After the audit came out, DHR removed the director of the grants management office due to concerns about oversight of millions of dollars of grants. The Office of Legislative Audits (OLA) released thereport late last month covering some DHR operations for three years, ending in August 2012.

The audit also found that DHR paid legal bills without checking to make sure the work had been performed and did not address major weaknesses that could result in fraud in computer systems that deliver or track food stamps, child support payments, and foster care payments.

The department promised to correct most of the problems, but it pointed out that the auditors did not actually find any fraud had occurred.

Four years of deficit spending had been masked by improper accounting entries

DHR facebook logoDuring 2010-13, DHR spent $26.7 million more than its available budgetary resources. This overspending, according to the audit, apparently created a deficit balance that will need to be zeroed out with extra appropriations or more money from the general fund. Worse, auditors said the overspending was unintentionally concealed because the department improperly counted future-year revenues in the same accounting calculations with current expenses.

In response to the audit, DHR said it thought the accounting adjustments were proper. DHR’s response also agreed with the OLA’s recommendation to avoid improper adjustments in the future. The response did not, however, address the need to “undo” improper entries and zero out any deficit spending that may have accumulated since 2010.

DHR didn’t check legal bills

DHR paid lawyers $13.7 million during 2012 without checking the lawyers’ invoices. Those lawyers were contracted to represent indigent adults in protective services and children in child assistance and parental-rights cases in court.

The audit found that DHR did not perform on-site quality reviews at lawyers’ offices, or failed to document any results from such visits in the few cases where DHR said they had visited. In addition, DHR did not obtain required annual reports from 11 of the 12 law firms contracted to represent DHR beneficiaries. The auditors said DHR made no attempt to notify the firms that the reports were overdue.

Some of these problem had gone uncorrected after being identified in previous audits.

In response to the audit, DHR said it implemented corrective action for all recommendations.

DHR’s grants management was inadequate

The audit found that DHR did not oversee $14 million in grant funding to organizations and agencies that provide emergency food, housing and support for the disadvantaged.

That included paying for goods and services without knowing if the intended recipients actually got them and failing to ensure grantees submitted activity reports. In 113 of 119 instances, DHR could not locate the reports to show the auditors.

Lastly, the auditors said DHR failed to perform grantee site visits corresponding with almost 80% of grantee expenditures. Similar problems were found in the previous audit of the department.

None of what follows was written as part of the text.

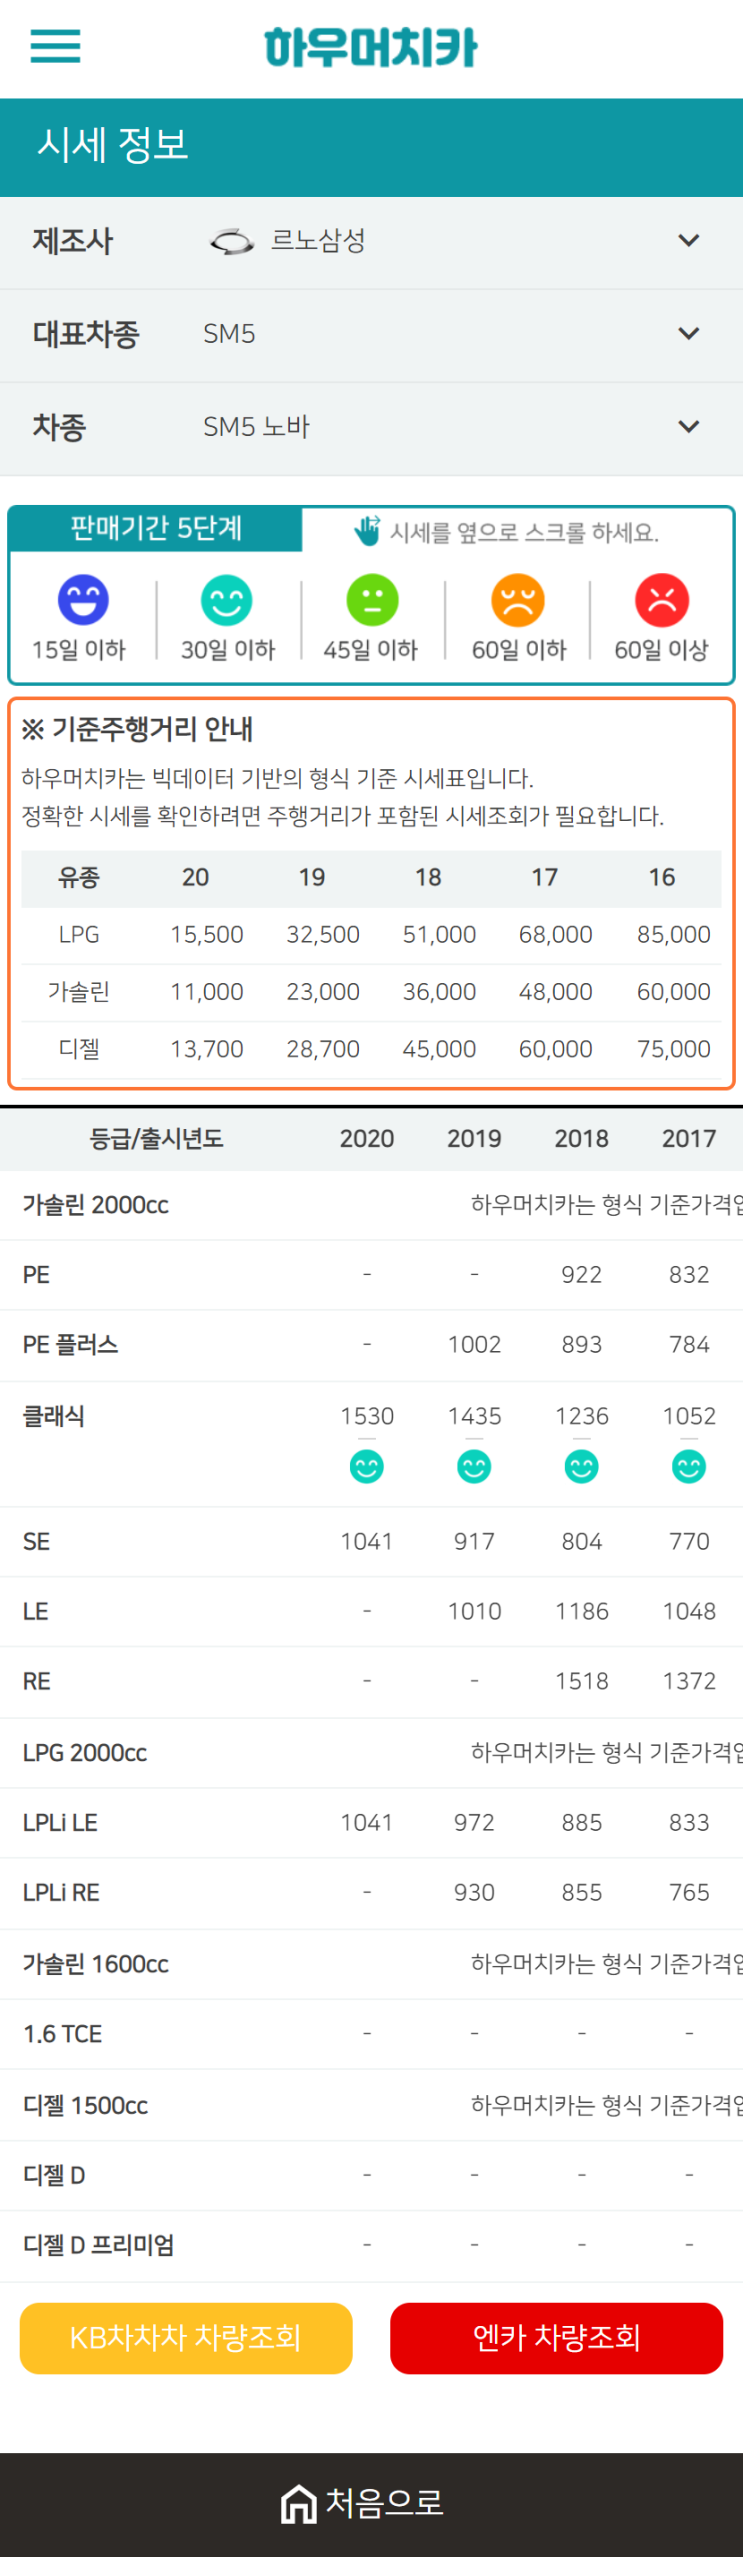 하우머치카 2021년 1월 SM5 노바 중고차가격.시세표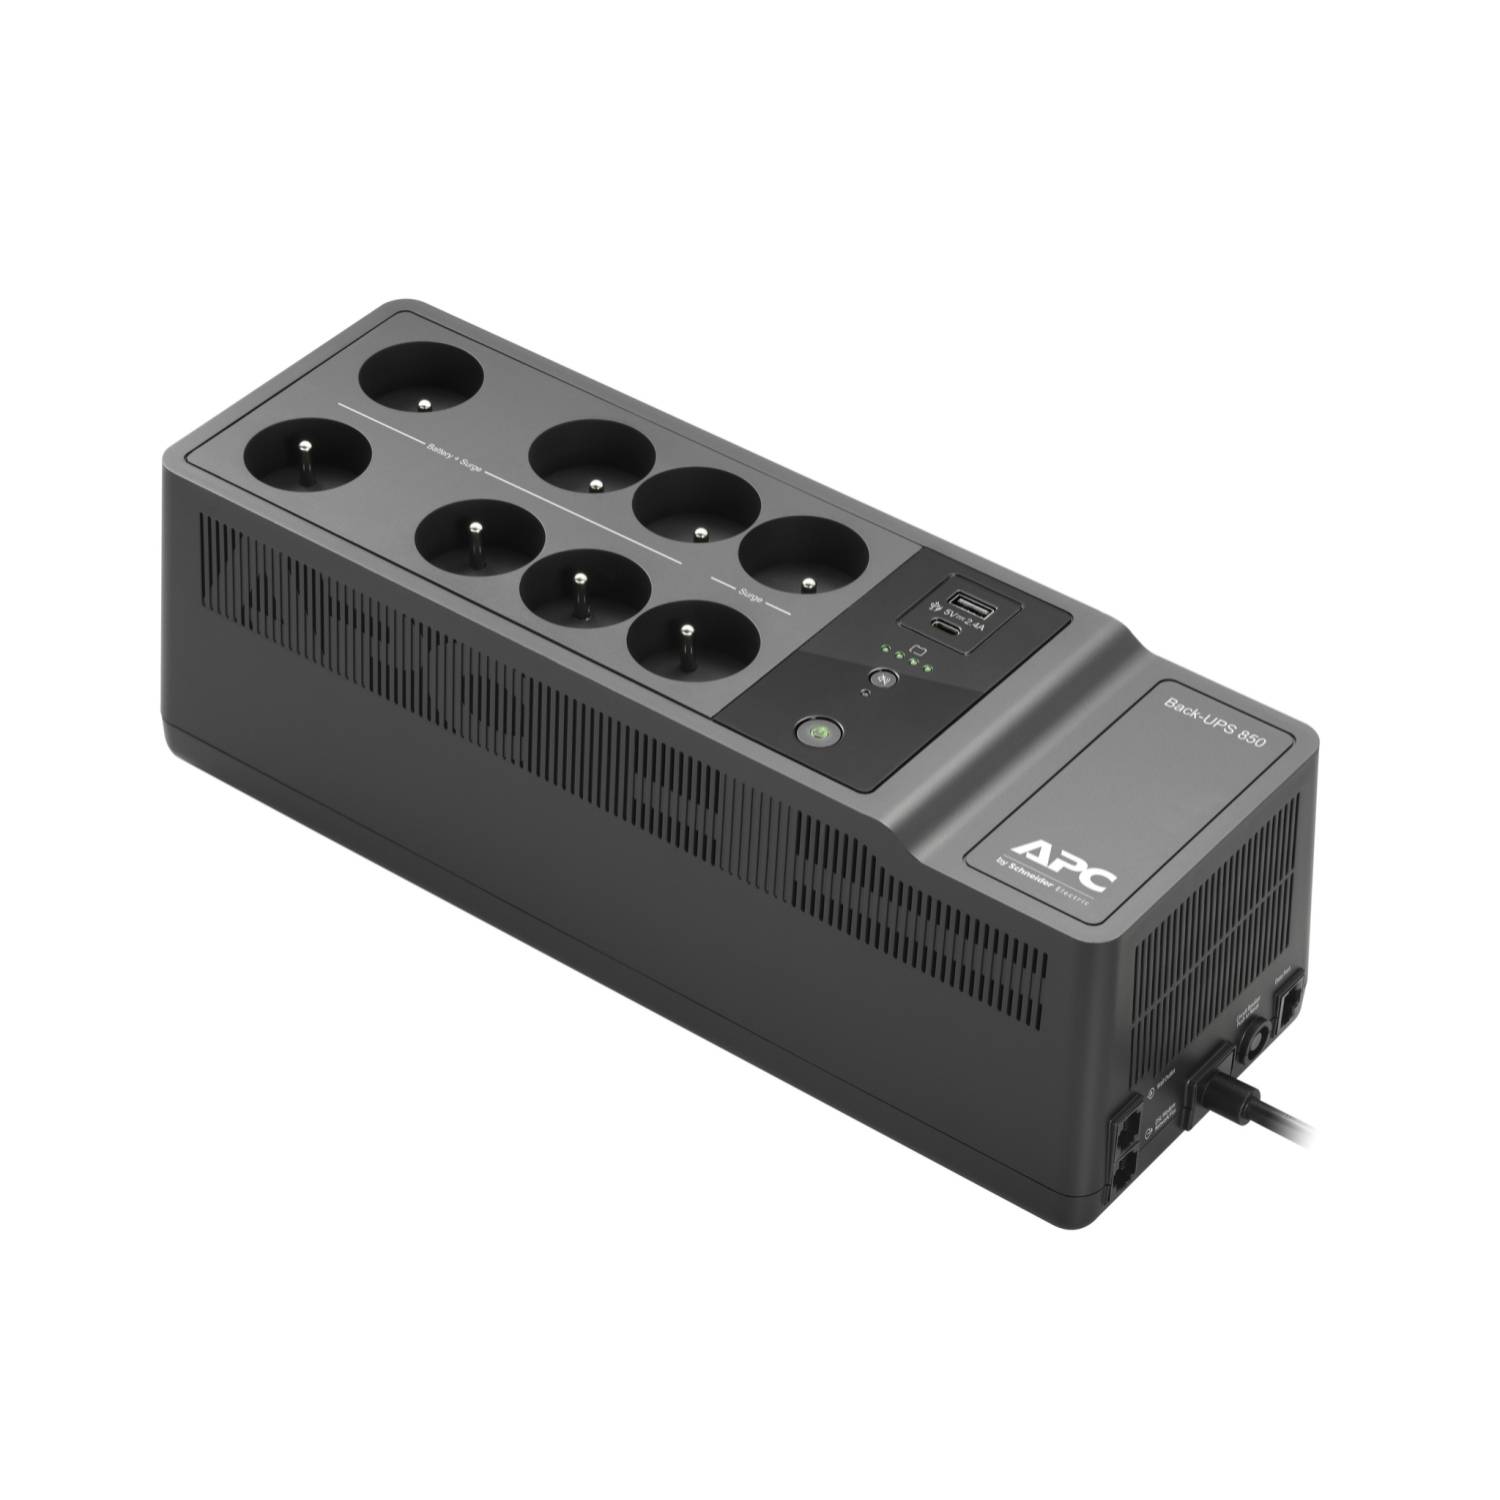 Rca Informatique - Image du produit : APC BACK-UPS 850VA 230V USB USB TYPE-C AND A CHARGING PORTS

In response to the audit, DHR said it removed the director of the Office of Grants Management and made other personnel changes. DHR also said it implemented corrective action for all recommendations.

DHR Information Technology (IT) system controls exposed the department to fraud

The audit found major vulnerabilities in large IT systems that DHR oversees for food stamps, child support payments, and foster care payments. These systems help deliver benefits, as well as track and manage beneficiaries’ eligibility.

OLA reported 12 significant weaknesses within four of DHR’s mission-critical systems. Two were repeat findings.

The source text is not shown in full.